According to Jones Lang LaSalle’s Global Life Sciences Cluster Report, although life sciences companies continue to center their headquarter relocations, biotechnology start-up and innovation activity within Europe, the United States and Japan, the emerging markets of Brazil, India, China and others located throughout Asia and Latin America are becoming more competitive.
Life sciences entities are trying to balance operations among the Americas, EMEA, and Asia. Complex macro and micro factors have forced the life sciences industry to re-examine traditional business models and location strategies and to re-balance the portfolio of assets among regions of the world. Struggling economies, increased competition, pricing pressure, depleted product pipelines and heightened regulatory processes have all strained profitability, influencing the industry’s facility and location decisions.
The drive for discovery and innovation is causing companies to re-think the way they make location decisions, creating a focus on balancing the real estate costs of established life sciences clusters with an increased efficiency in generating innovation.
“While real estate costs are higher within these established clusters, the intellectual capacity and enhanced odds of discovering the next powerful, profitable drug justifies the price premium,” says Bill Barrett, executive managing director, Life Sciences at Jones Lang LaSalle. “Since ideas are the new currency of the modern enterprise, the knowledge workers within established clusters can compete globally based on the quality of their innovation, regardless of the hard costs of location.”
This dynamic is bifurcating in what regions the drug discovery process takes place, with discovery aspects likely to remain in-house and in already established, high-cost clusters while testing and viability measures will leverage the lower costs of emerging clusters via contract research organizations and other outsourced resources.
Due to changing market dynamics, life sciences companies are placing more scrutiny on their facility strategies and footprints to determine ideal locations for revenue growth potential, improved operating margins and improved returns on installed assets. This has led to a shift in facility configurations and adaptations to improve competitiveness.
Manufacturing facilities represent a large share of operations in emerging clusters, and while investment in non-R&D facilities experienced a pause during the recession, Barrett expects to see investments return to emerging clusters as companies come out of the recession. “Factors such as growing economies, large populations, rising personal income levels and progressive political policies in emerging clusters encourage growth and direct investment from industry leaders,” he says. “Additionally, companies will leverage favorable conditions in emerging clusters as they bring on additional manufacturing capacity to take advantage of lower cost structures.”
“In most emerging markets, local consumers seek affordable drugs from known, trusted makers so early establishment in population-dense countries like China, India and Indonesia is vital to capture market share,” said David Wilton, Regional Director, Corporate Solutions for Jones Lang LaSalle in Asia Pacific. “Demand for drugs within these markets is increasing due to the shift in lifestyle created by the rise in personal income and purchasing power.
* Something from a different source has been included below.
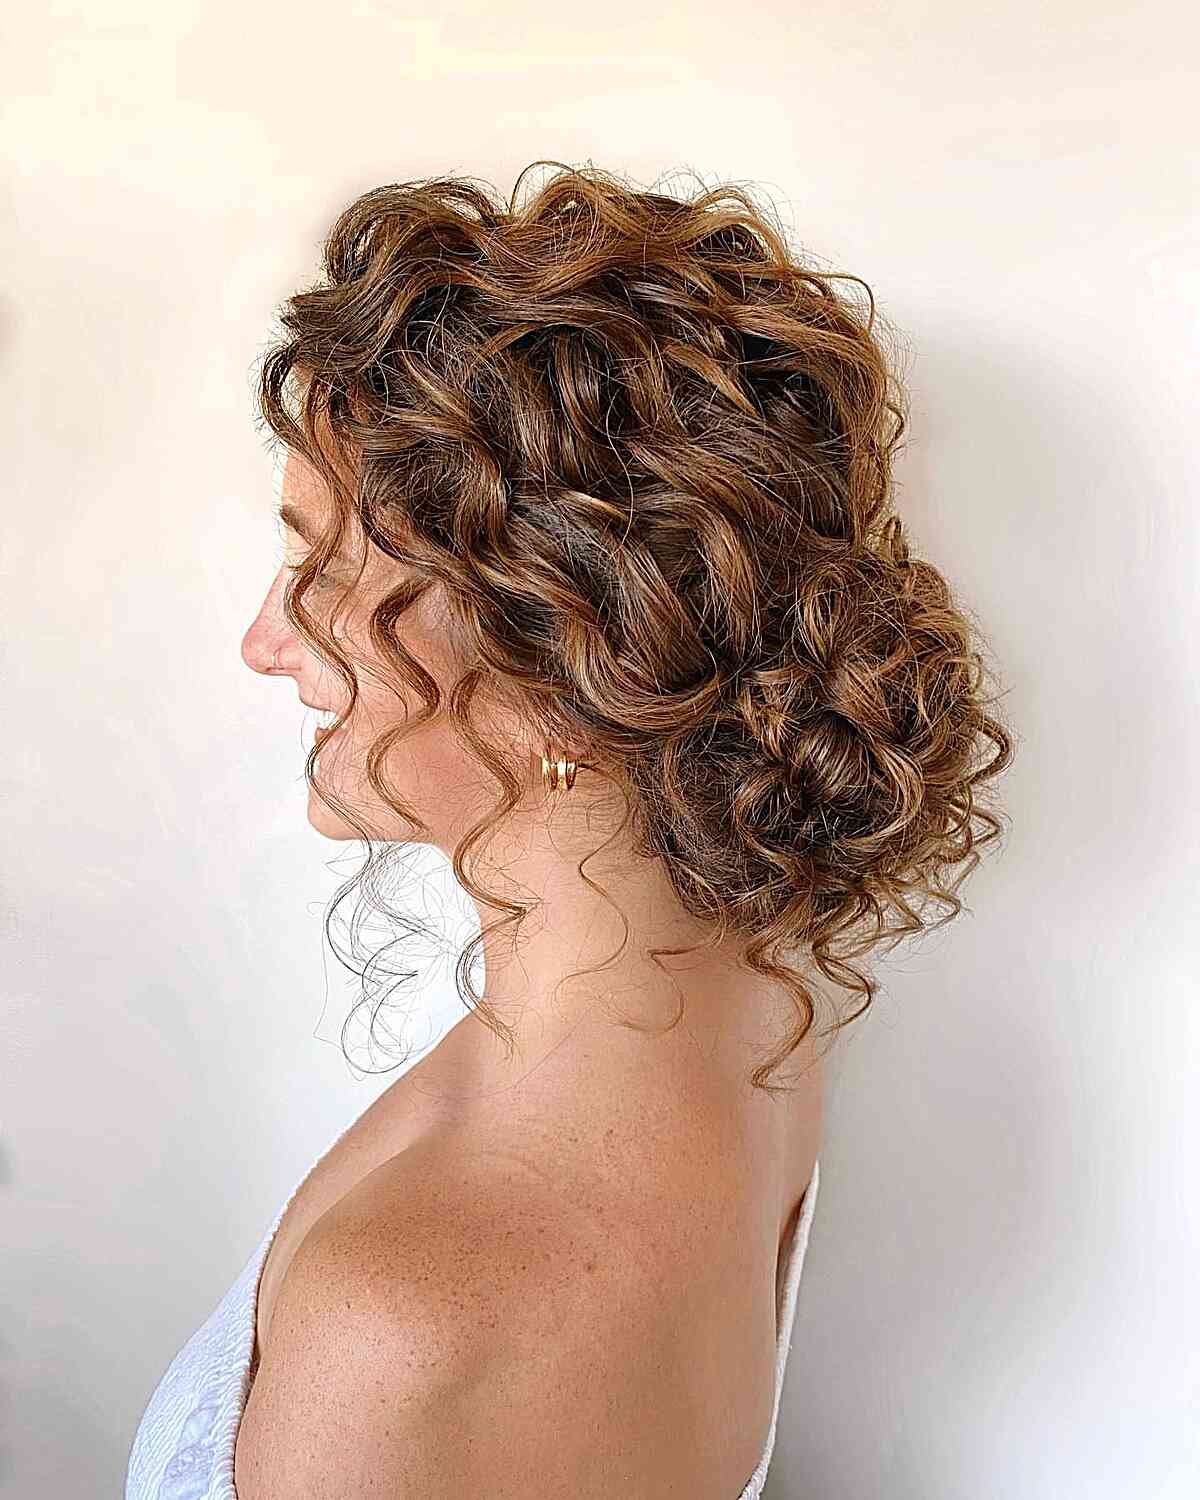 Stunning Updo for Curls and women with longer hair

This has resulted in a heightened awareness of traditionally Western diseases and associated treatments.”
A large share of inward investment in the United States and established countries throughout Europe continues to be focused on manufacturing aspects of the industry. However, these locations are seeing investments shift away from manufacturing as Brazil, China, India and other smaller clusters emerge as cost-advantageous sites that provide both revenue and margin opportunities.
Emerging market governments in Asia and Latin America are making capital investments and improving political policies to become more competitive in high-tech aspects of the industry and to be in contention for CRO opportunities. Massive research parks in these emerging global clusters are fuelling growth in R&D.
Though emerging clusters are playing a role in the global life sciences industry, Europe, the United States and Japan are still world leaders in the sector, especially in the R&D aspects of the value chain.“World-class research universities, sustained venture capital and other investments coupled with the supporting infrastructure within these mature clusters continues to fuel innovation in the United States and Europe,” says Charles Tillet, national director, Corporate Solutions, and head of EMEA’s Life Sciences practice. “Requirements from small start-ups and the occasional right-sizing or re-locating of headquarter operations remain prevalent in established clusters in the United States and Europe.”
The analysis shows real estate activity is most prominent in cornerstone locales, such as the Bay Area, the New York / New Jersey corridor, San Diego, Boston, Seattle, Philadelphia, the United Kingdom, France, Switzerland, and Germany, and Jones Lang LaSalle predicts these clusters will remain leaders in site selection for headquarter operations and R&D functionalities.